DATA PROVIDED -
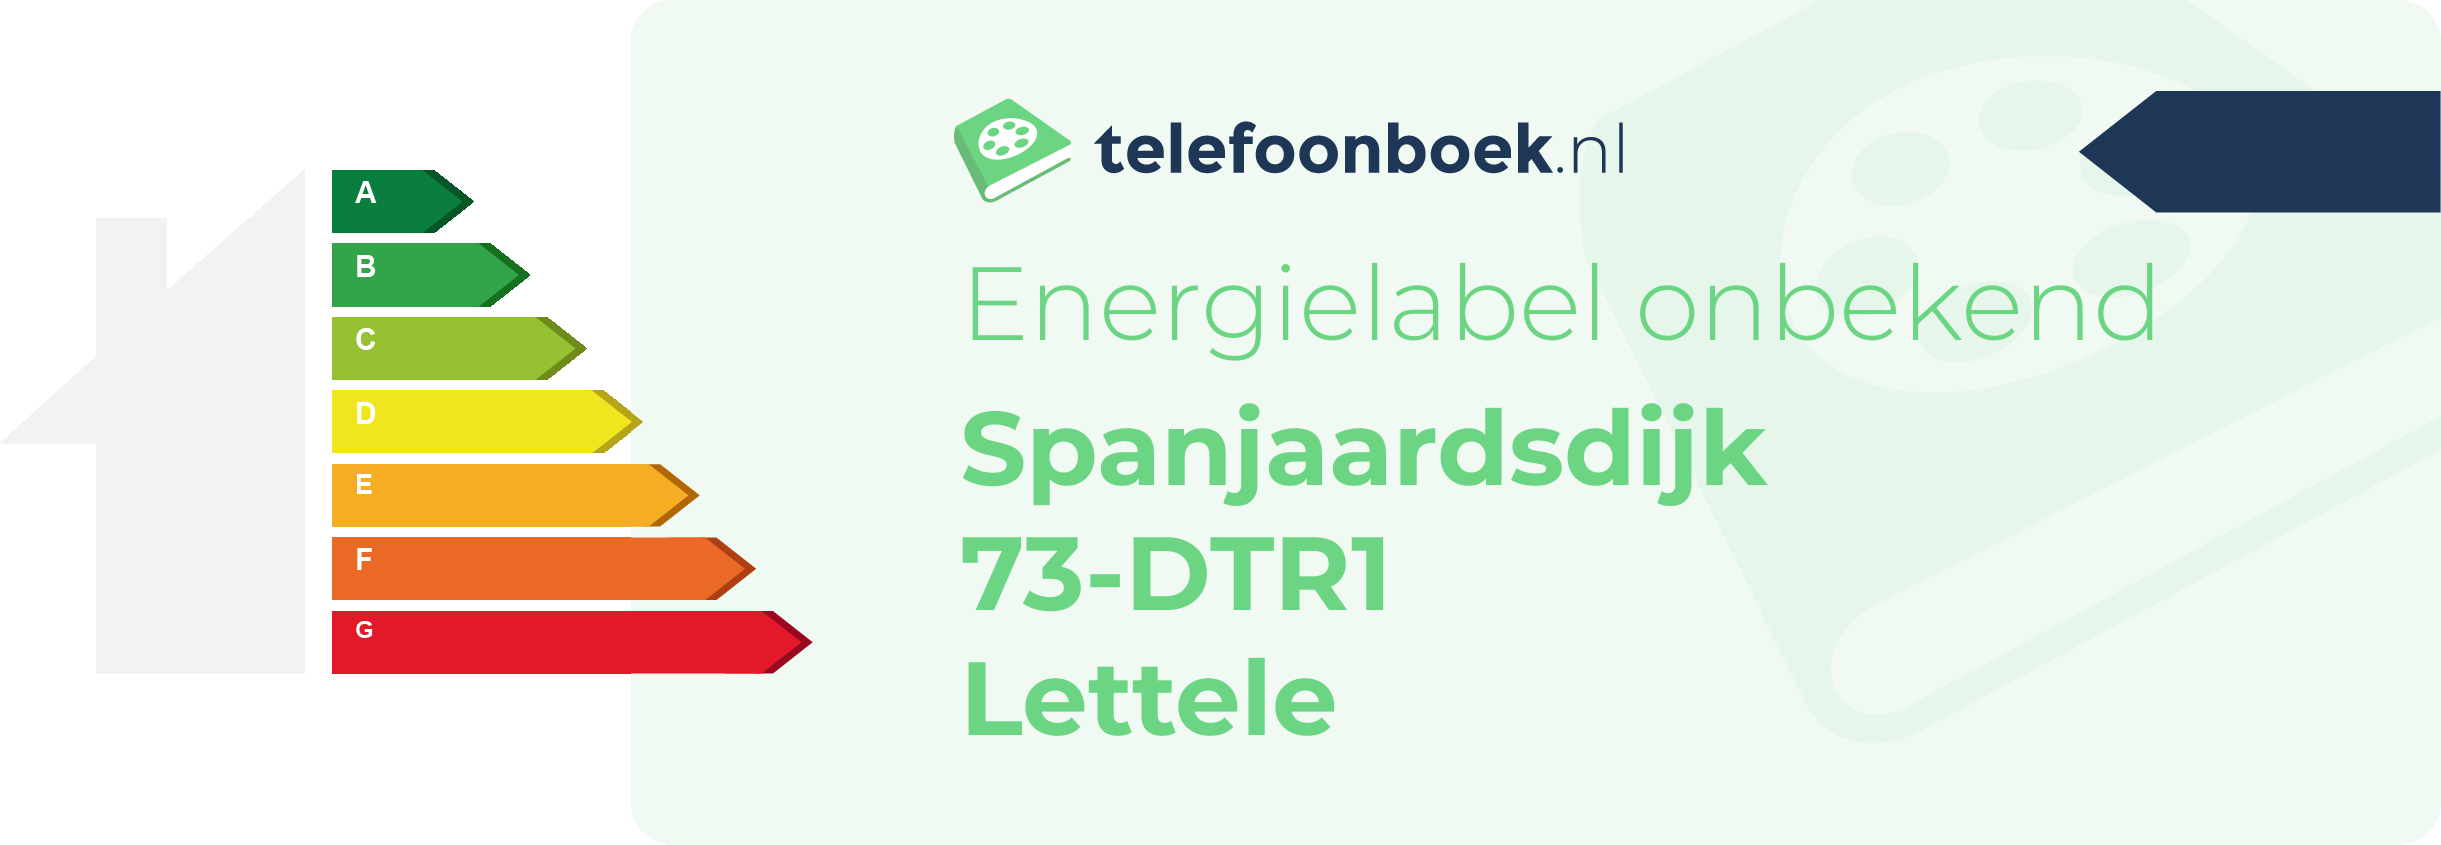 Energielabel Spanjaardsdijk 73-DTR1 Lettele
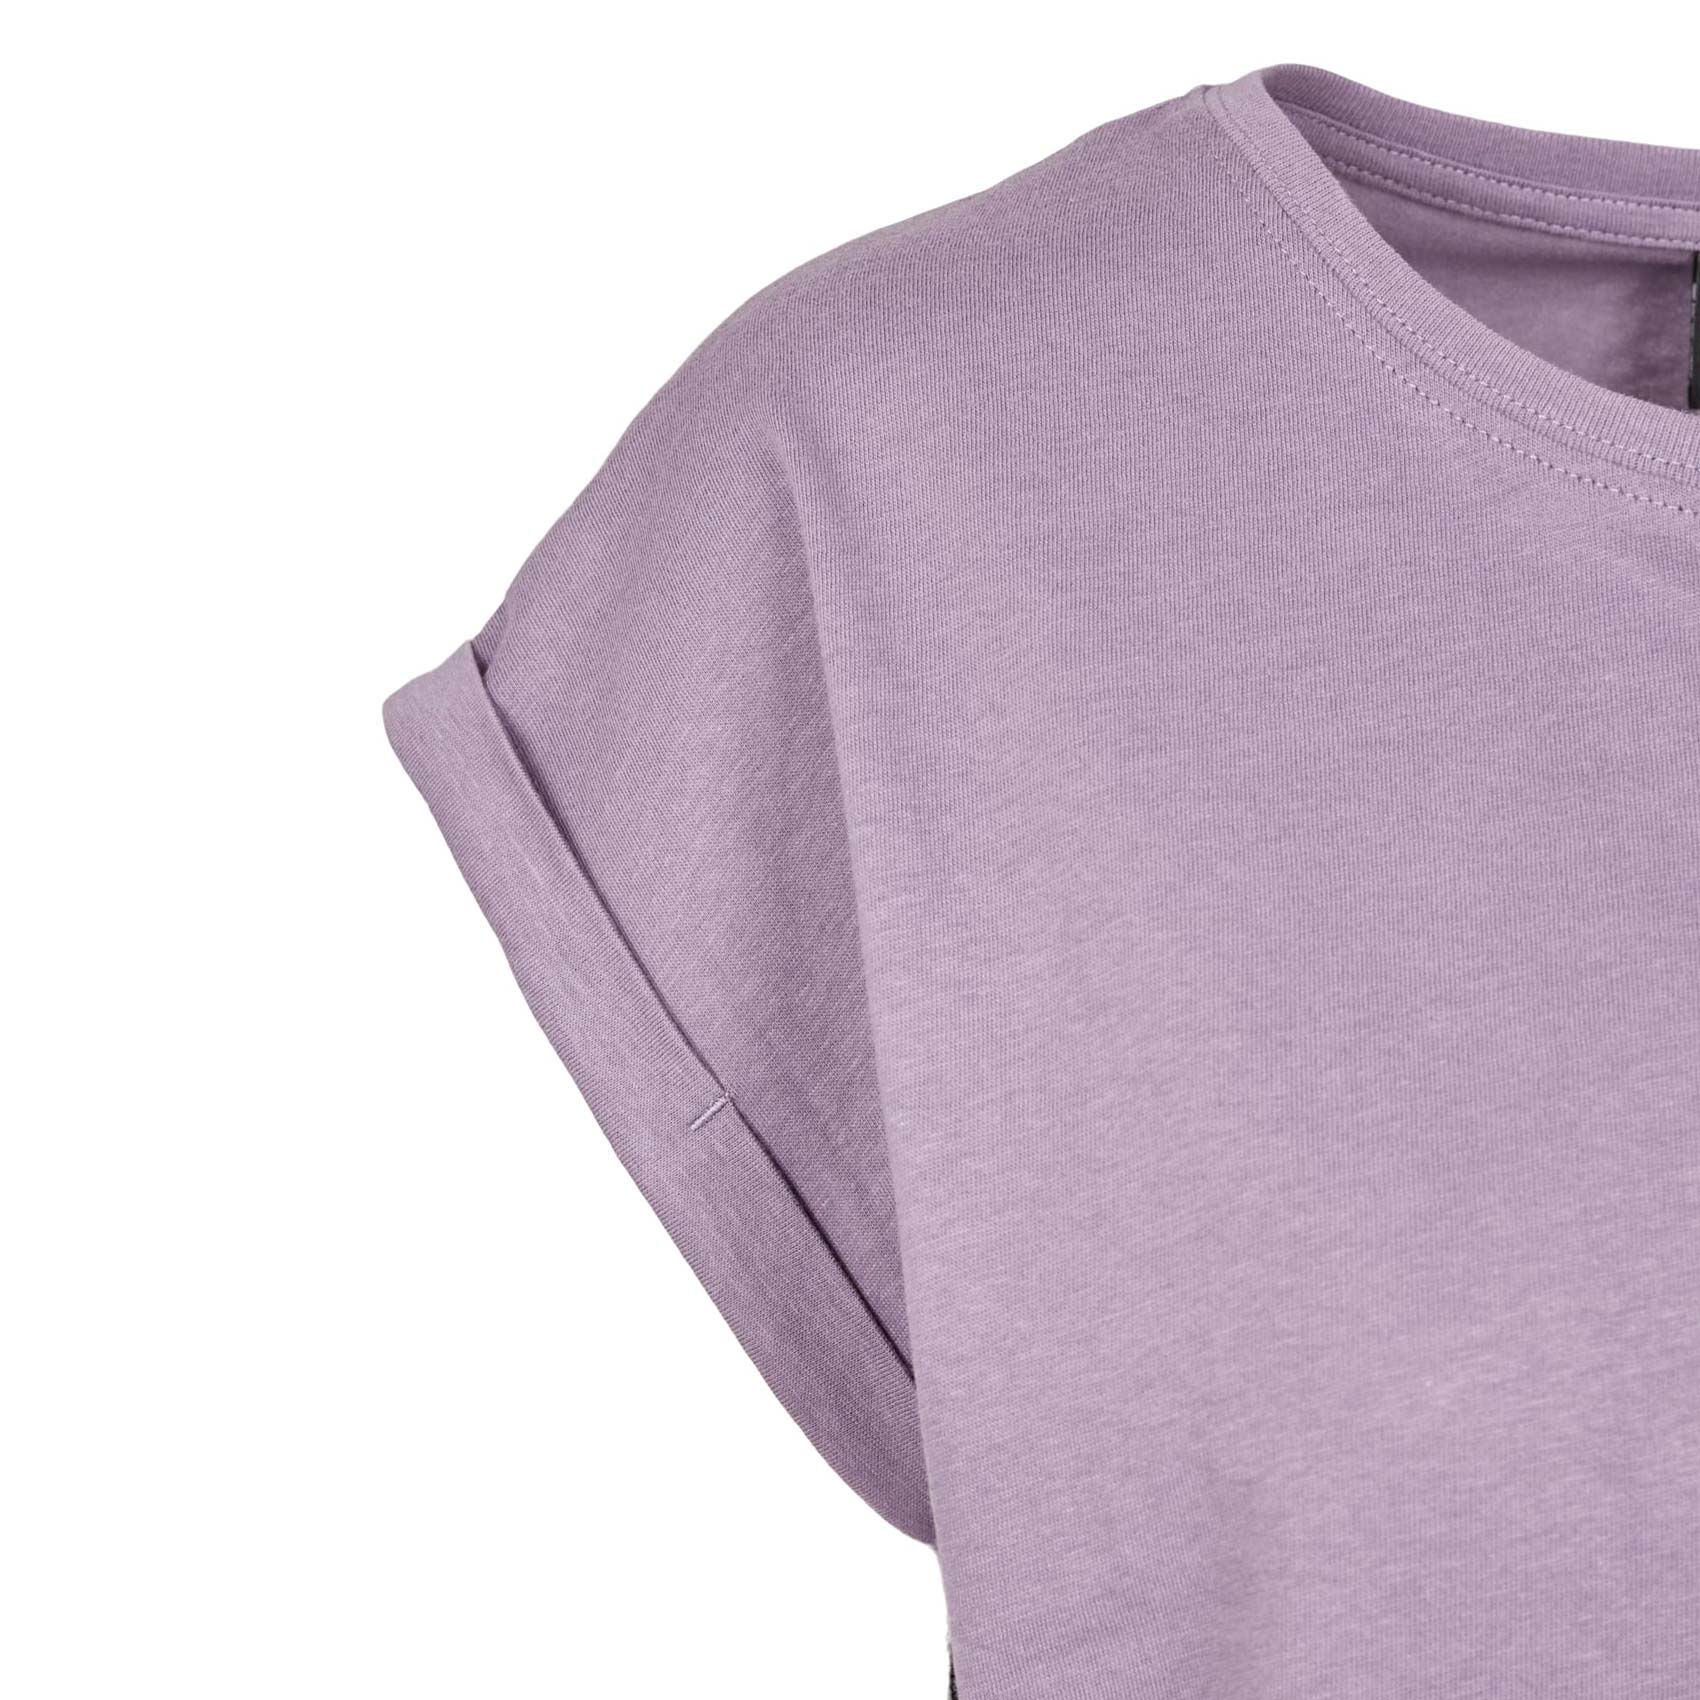 Urban Classics Damen T-Shirt Ladies Extended Shoulder Tee (dusty purple)
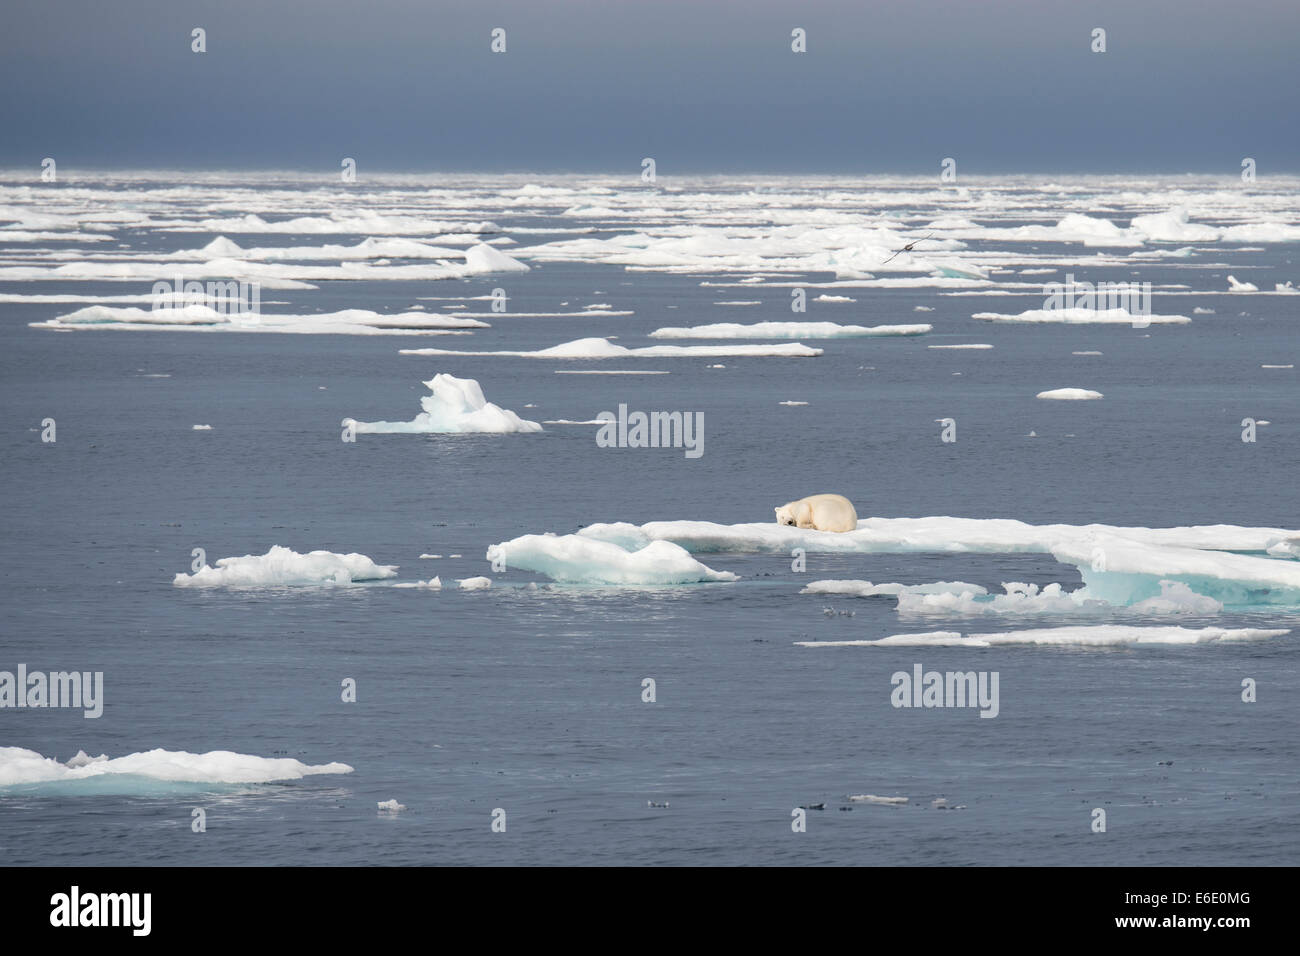 Male Polar Bear, Ursus maritimus, sleeping on an iceberg, Baffin Island, Canadian Arctic. Stock Photo

EXERCISE DETAILS - Starting from the line that contains "Urban Classics Damen", transcribe exactly each line down to the final line of the material above, excluding every picture and adding nothing else.

ANSWER BOX -
 Urban Classics Damen T-Shirt Ladies Extended Shoulder Tee (dusty purple)
 Male Polar Bear, Ursus maritimus, sleeping on an iceberg, Baffin Island, Canadian Arctic. Stock Photo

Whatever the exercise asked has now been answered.